Peace dollars

The Peace Dollar is a silver United States dollar coin minted from 1921 to 1928, then again in 1934 and 1935. Early proposals for the coin called for a commemorative issue to coincide with the end of World War I, but the Peace Dollar was issued as a circulating coin.


Designed by Anthony de Francisci, the Peace Dollar was so named because the word PEACE appears on the bottom of the coin's reverse. It contains 0.77344 troy ounces of silver, and was the successor to the Morgan Dollar, which had not been regularly minted since 1904. With the passage of the Pittman Act in 1918, the mintage of dollar coins was enabled to start again. Prior to the design and acceptance of the Peace Dollar, the Morgan Dollar was minted again in 1921.

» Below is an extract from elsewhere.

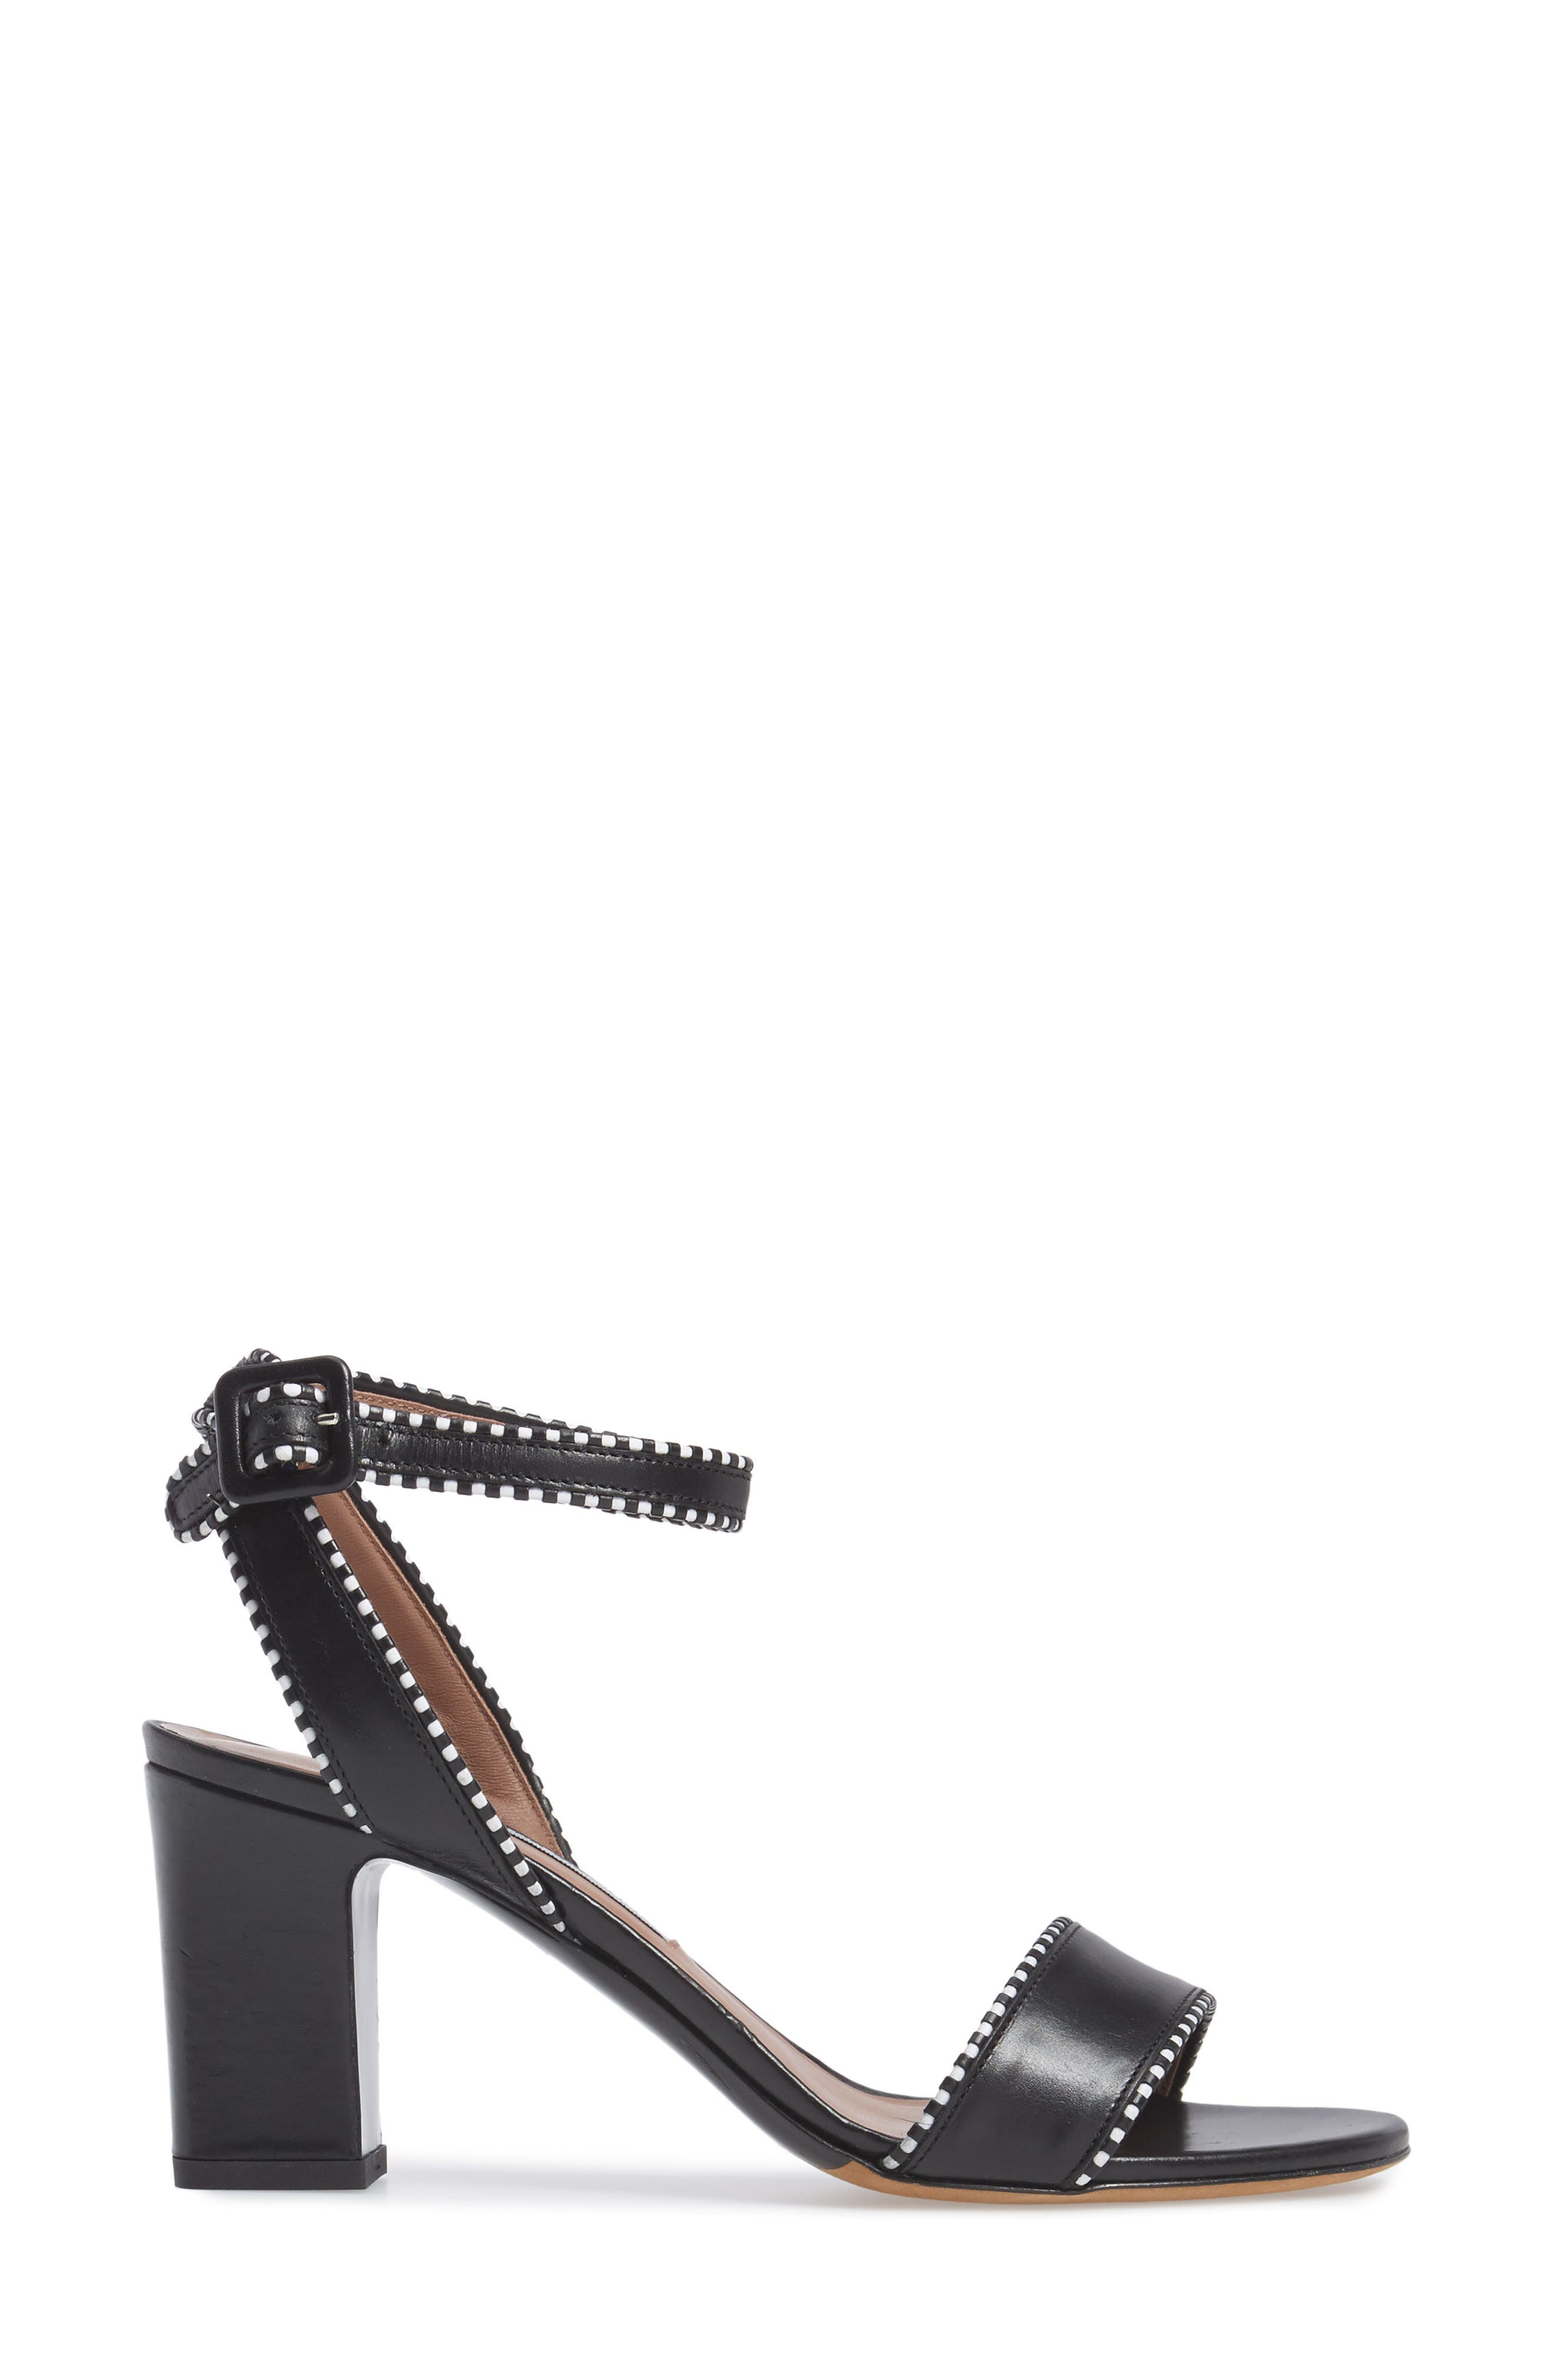 Leticia Profilo Ankle Strap Sandal,                             Alternate thumbnail 3, color,                             Black

After a six-year pause in minting, the Peace Dollar was again minted in 1934 and 1935. It was minted briefly in 1965 (dated 1964), but all examples of this issue were never released to the public and were melted. The Peace Dollar is the last silver dollar minted for circulation in the United States.

Controversy

The Treasury announced the new design on December 19, 1921. Photographs of Baker and de Francisci examining the final plaster model appeared in newspapers, along with written descriptions of the designs, since the Treasury at that time took the position that it was illegal for photographs of a United States coin to be printed in a newspaper. Secretary Mellon gave formal approval to the design on December 20. As it would take the Mint several days to produce working dies, the first strike of the new coins was scheduled for December 29.


The new design was widely reported in newspapers, and was the source of intense public attention. A Mint press release described the reverse as "a large figure of an eagle perched on a broken sword, and clutching an olive branch bearing the word, 'peace'". On December 21, the New York Herald ran a scathing editorial against the new design. At the time, given the traumas of the Great War, Americans were highly sensitive about their national symbols, and unwilling to allow artists any leeway in interpretation. The Mint, the Treasury, and the Fine Arts Commission began to receive large numbers of letters from the public objecting to the design.

The objections were heeded and the coin was redesigned. The Peace dollar was released into circulation on January 3, 1922. In common with all silver and copper-nickel dollar coins struck from 1840 to 1978, the Peace dollar had a diameter of 1.5 inches (38 mm), which was larger than the Mint's subsequently struck modern dollar coins. Its issuance completed the redesign of United States coinage that had begun with issues in 1907.